Kay Link verhandelt den „Fall Oscar Wilde“ - Theater am Rhein 06/11

Eine Zigarette mit nachlässiger Eleganz in der abgeknickten Hand, blasiert über den Dingen stehend und immer einen geistreichen Aphorismus auf den Lippen – so glaubt man ihn zu kennen: Oscar Wilde, Dandy, Lebemann, erfolgreicher Dramatiker und prominentes Opfer der rigiden, schwulenfeindlichen Gesetzgebung im viktorianischen England. Kay Link untersucht im Freien Werkstatt Theater den „Fall Oscar Wilde“, unternimmt aber nicht einmal den Versuch, dieses Bild zu hinterfragen oder neu zu bestimmen. Im Gegenteil.
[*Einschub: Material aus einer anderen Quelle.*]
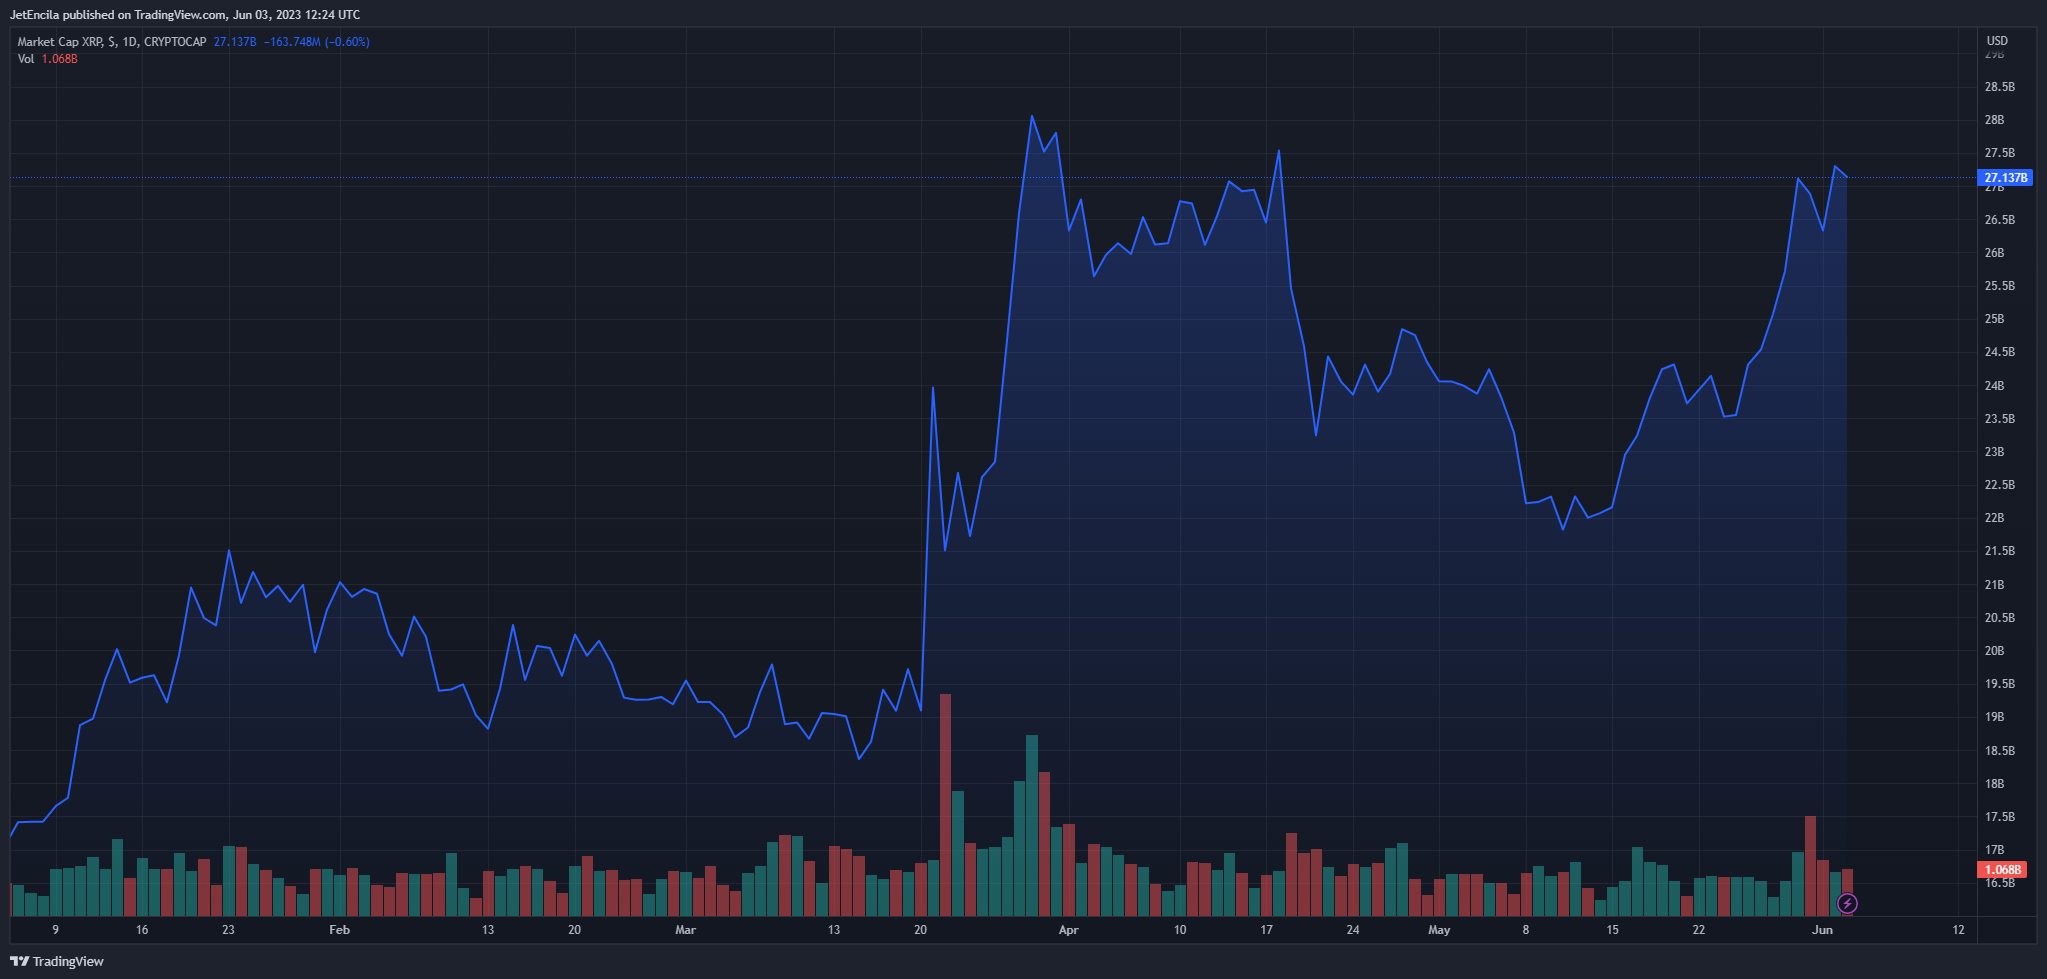 Tổng vốn hóa thị trường của XRP cao hơn một chút so với mức 27 tỷ đô la trên biểu đồ cuối tuần: TradingView.com

Schon das Casting scheint unter Typgesichtspunkten stattgefunden zu haben, so sehr gleichen die Schauspieler ihren historischen Vorbildern. Oscar (immer etwas selbstgefällig: Andreas Bittl) trägt natürlich eine rosafarbene Nelke im Knopfloch und farblich dazu passende Strümpfe. Sebastian Kolb als sein „honighaariger Junge“ Lord Alfred Douglas, genannt Bosie, ist ganz reizend anzuschauen. Und Marius Bechen in einer Doppelrolle zeigt britische Gentlemen vom Schlage Hugh Grants.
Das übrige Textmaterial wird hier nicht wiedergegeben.